I asked him what he missed about the past. “I don’t think my generation is better or had it better,” he said. “The one thing you’ll never see again—and I’m not so sure it’s bad you missed it—was the sexual revolution. You can’t imagine what it was like to go home and have sex with someone different every day … People really did! In Provincetown there was a bar called Piggies, totally mixed, gay and straight, but it was outside of town and everyone had to walk home and every person would just have sex in the graveyard along the way. I mean, those days will never happen again. Going to places like Hellfire in New York City, you look back and it’s so amazing, and that certainly did lead to terrible things like AIDS—and AIDS ruined everything for the rest of our lives. It ruined people taking chances. That’s over. You missed that.”

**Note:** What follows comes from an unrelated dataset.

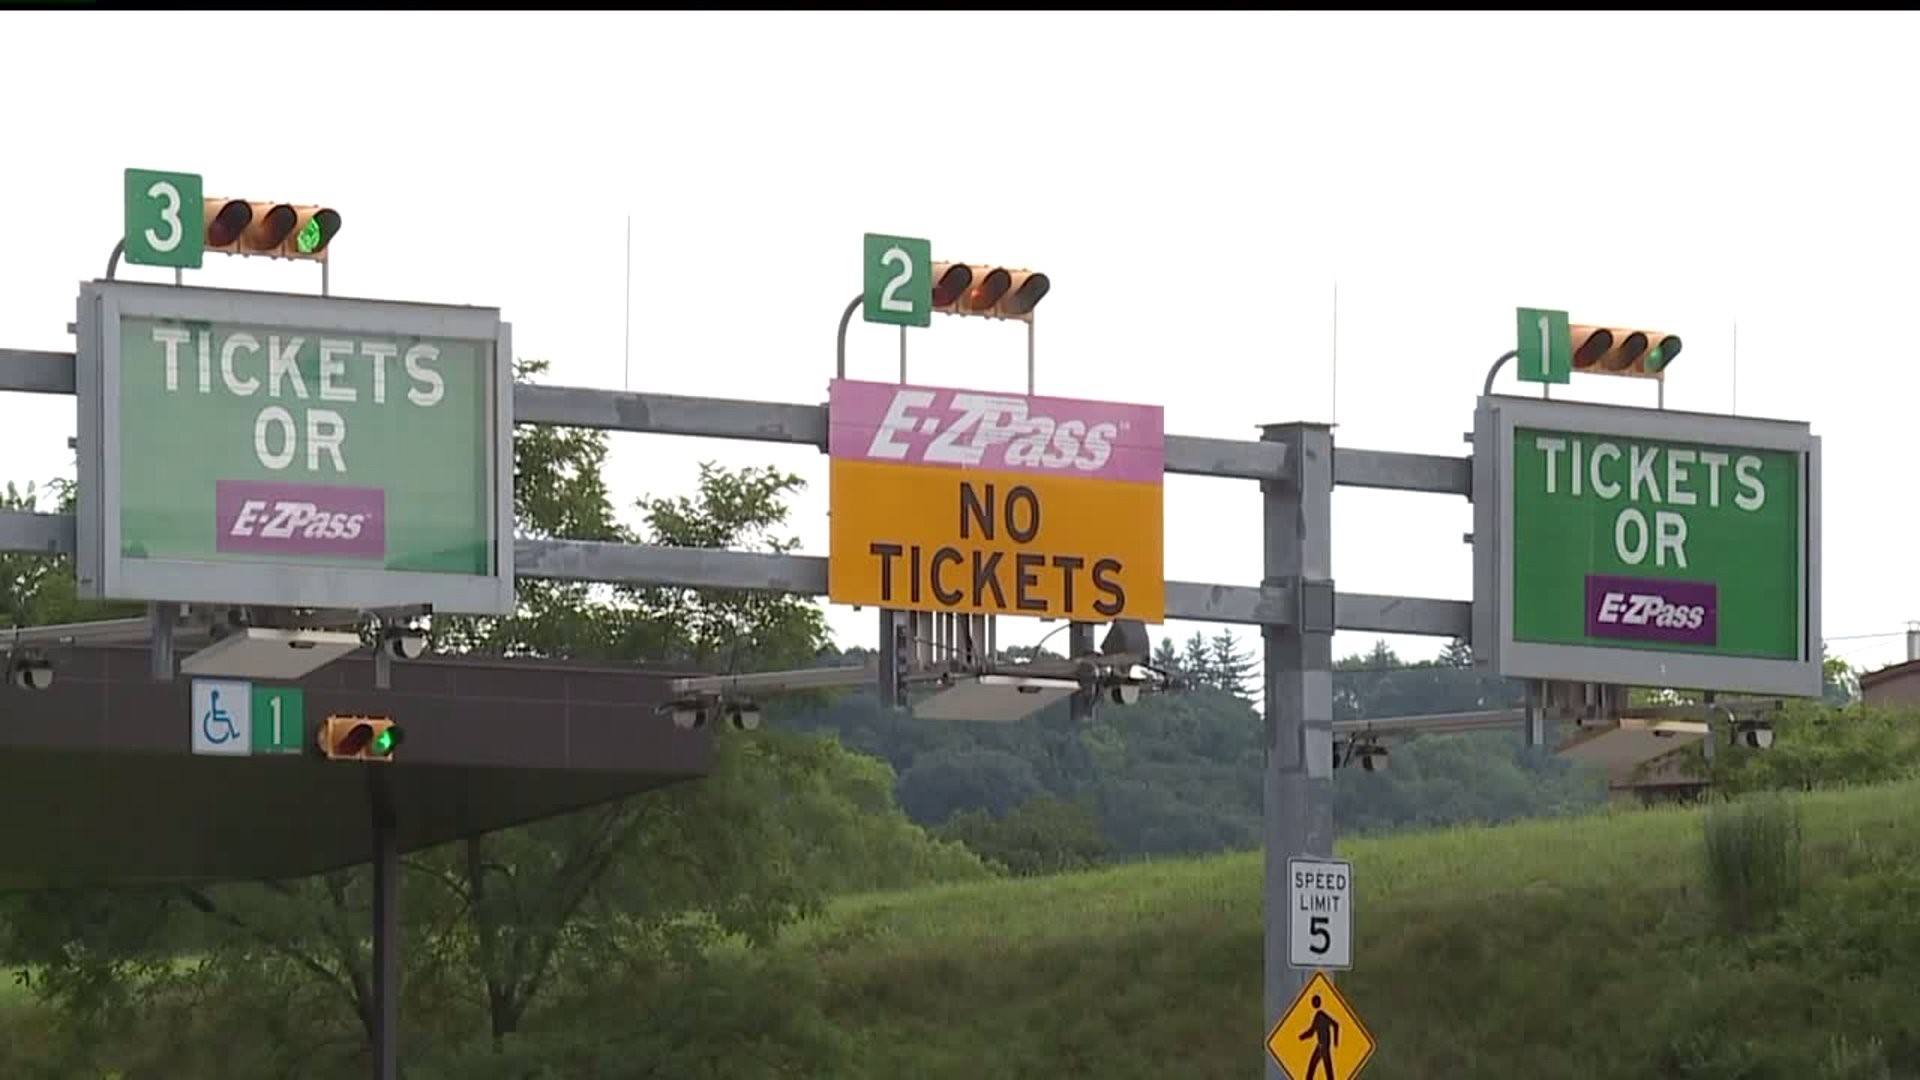 PA Turnpike Commission approves six percent toll increase for 2020

But does he miss it? “At 60!?” He shrieked. “What am I? I’m not gonna be goin’ out every night at 60 … That would be a little pitiful, hangin’ around the graveyard like, ‘Hey! You need a ride?’ No, I think for my dignity—I mean, old chickens make good soup—I’m glad I’m not out in the graveyard.” He thought about it for a minute. “The big difference when we were younger is, it was cool to be poor. But I have no favorite time. Tomorrow. Now is my favorite time. Because I mean I have great memories, but I don’t have nostalgia. Do I wanna be 20 now? Not really. I’d like to look in the mirror and be 20.”

I went to use Waters’s bathroom and gasped at what I saw on the sink next to a jar of Crème de la Mer: a Maybelline black eye pencil with a sharpener and a little pile of shavings.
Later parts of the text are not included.